Tutorial: Deploying Llama4 Multimodal Models#

This guide shows how to deploy Llama4 on an AWS Neuron Trainium2 (Trn2) instance. This model supports both text and images. It uses Llama4 Scout (meta-llama/Llama-4-Scout-17B-16E) as the example model in this tutorial; however, Maverick (meta-llama/Llama-4-Maverick-17B-128E-Instruct) can also be used.

Step 1: Set up your development environment #

As a prerequisite, this tutorial requires that you have a Trn2 instance created from a Deep Learning AMI that has the Neuron SDK pre-installed.

To set up a Trn2 instance using Deep Learning AMI with pre-installed Neuron SDK, see NxD Inference Setup Guide. To use a Jupyter Notebook (.ipynb) on a Neuron-enabled instance, see this guide.

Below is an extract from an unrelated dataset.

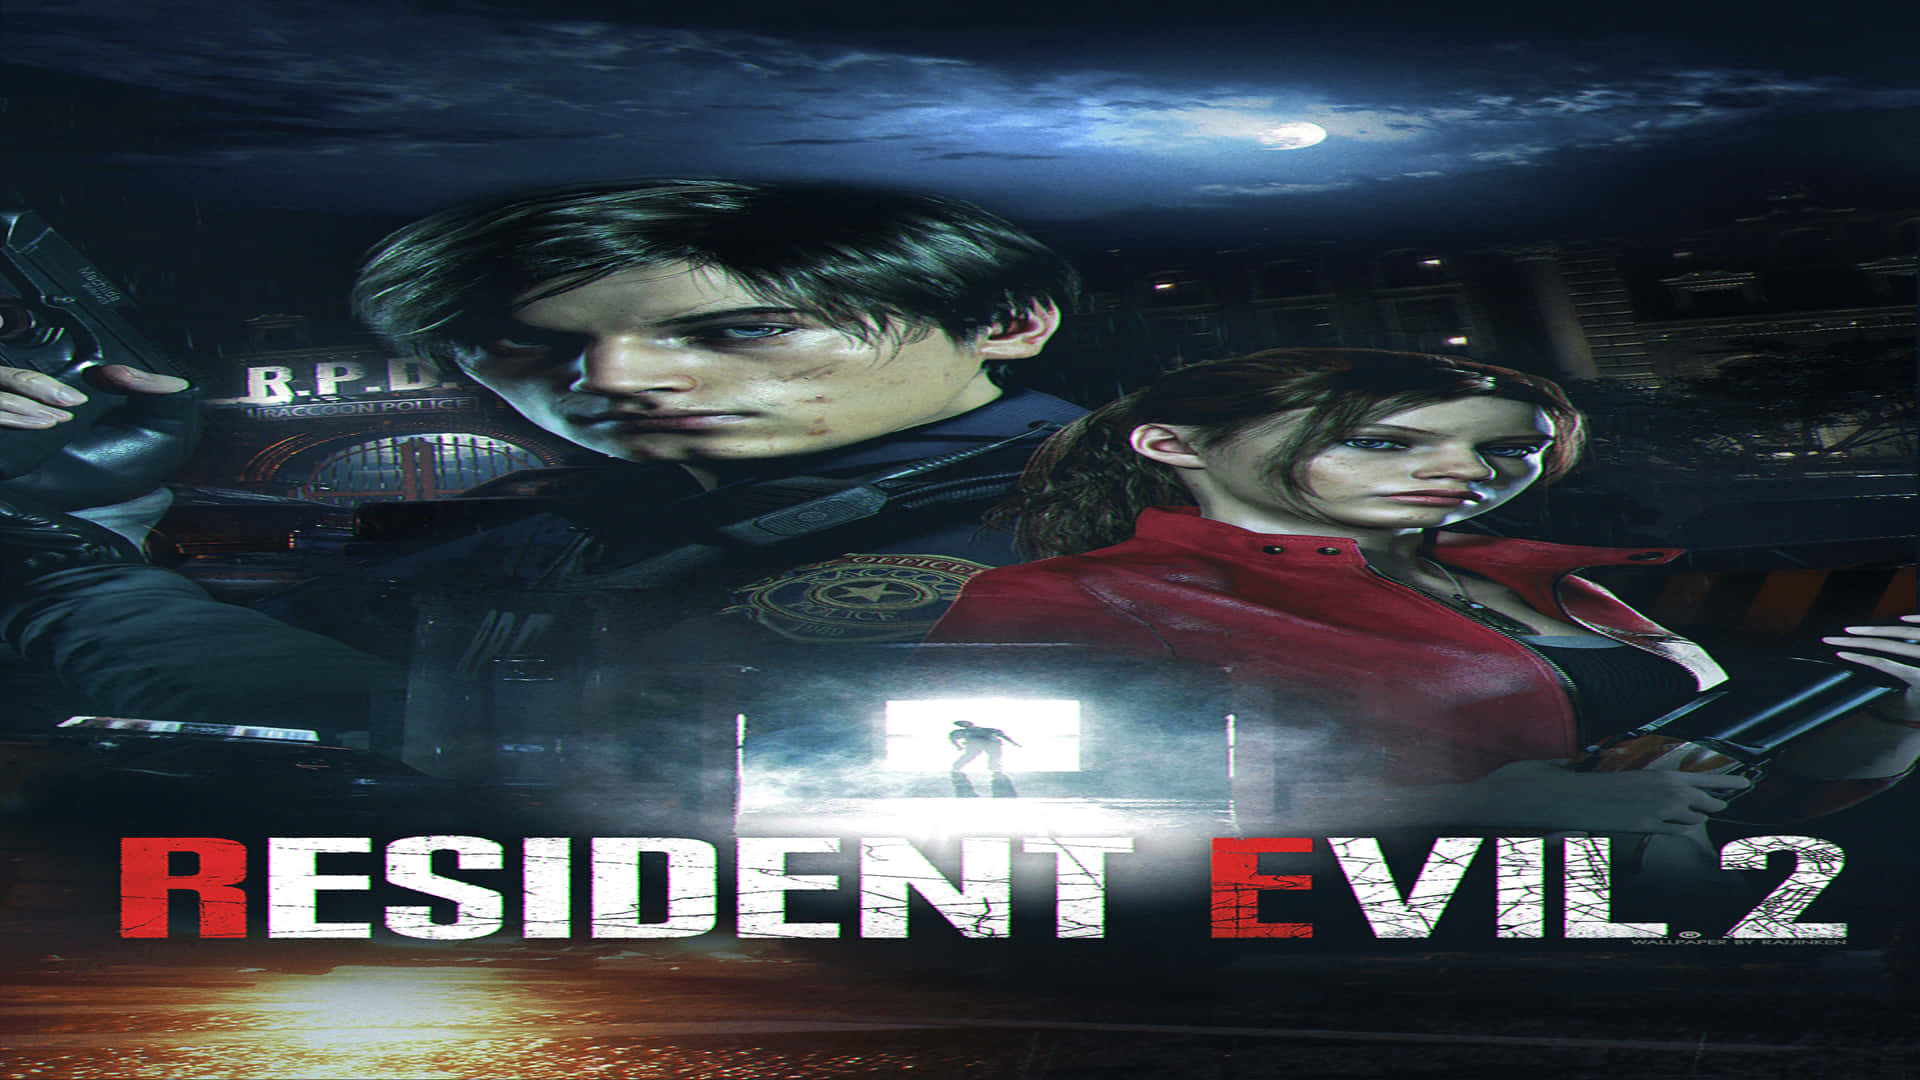 1920x1080 Resident Evil 2 Background Game Poster With Main Characters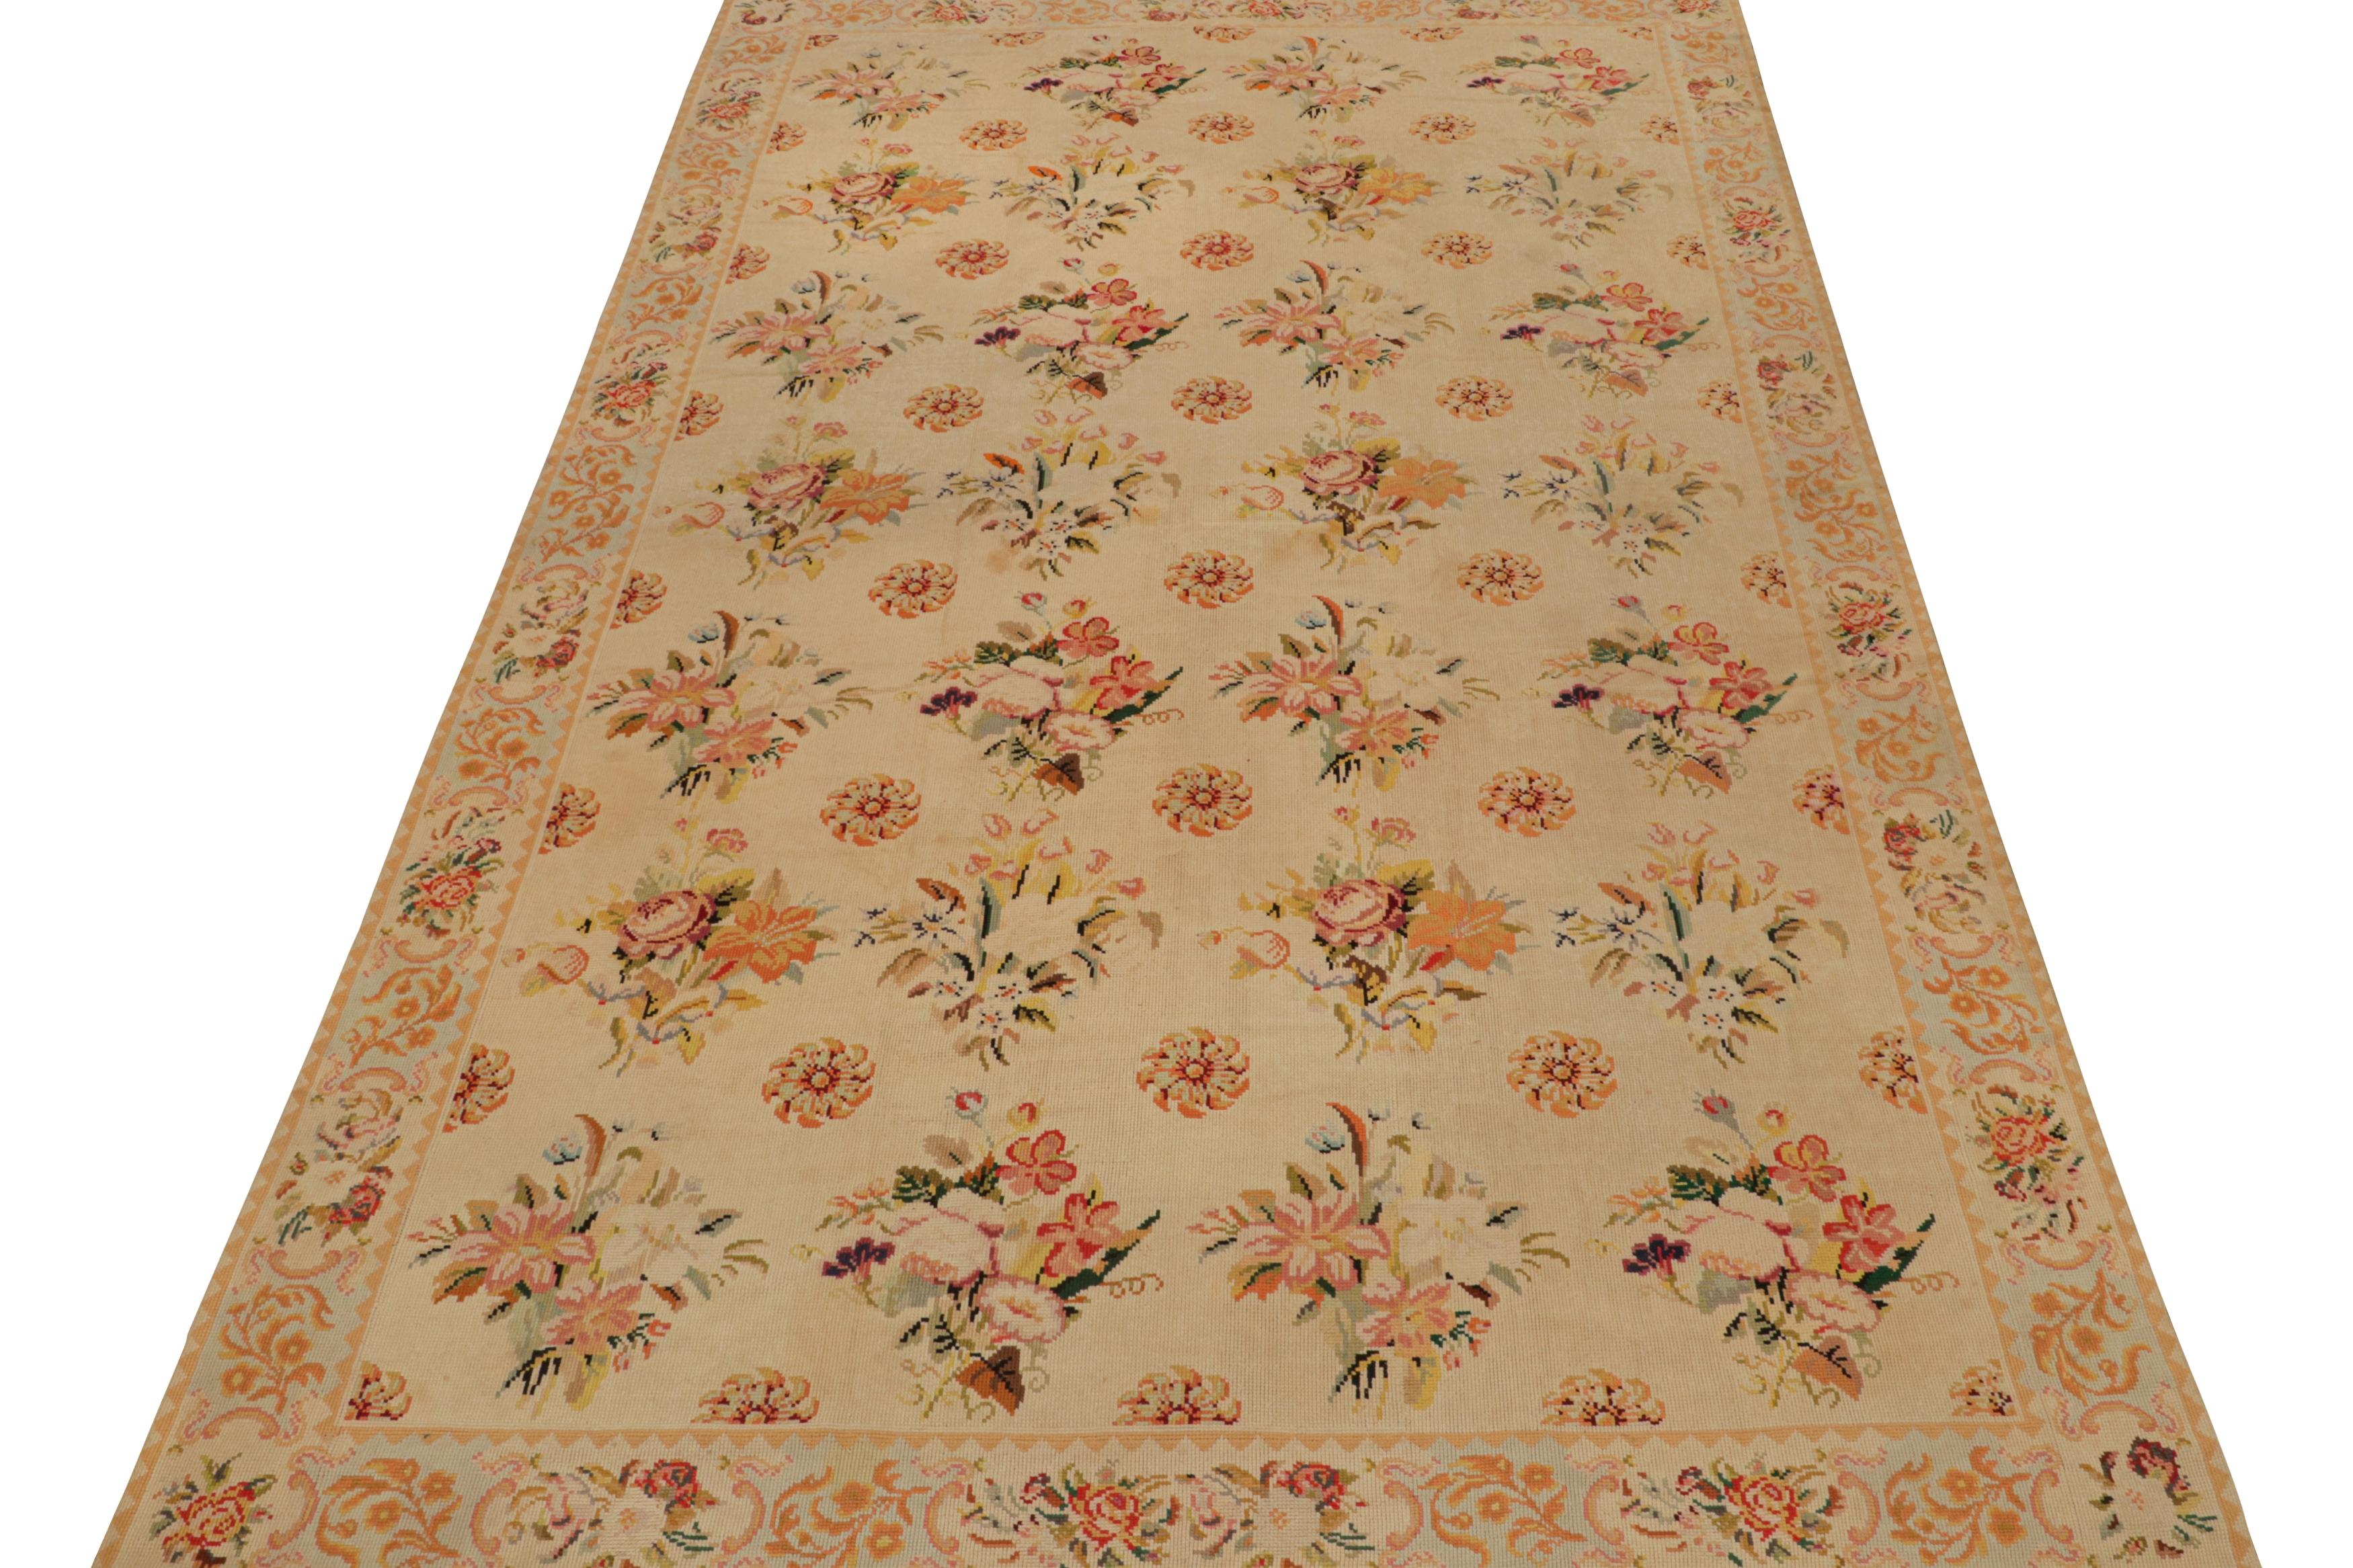 Hand-Woven Antique French Needlepoint Rug in Beige with Floral Patterns, from Rug & Kilim For Sale

After setting up an instance, use SSH to connect to the Trn2 instance using the key pair that you chose when you launched the instance.

After you are connected, activate the Python virtual environment that includes the Neuron SDK.

Step 2: Compile your model and save it as artifacts #

The code snippet below is required to compile Llama4 as artifacts to load for vLLM serving. There is no need to download a Llama4 checkpoint from HuggingFace explicitly, but you may need access from Meta to download it as part of compilation script. For more information, see Downloading models in the Hugging Face documentation.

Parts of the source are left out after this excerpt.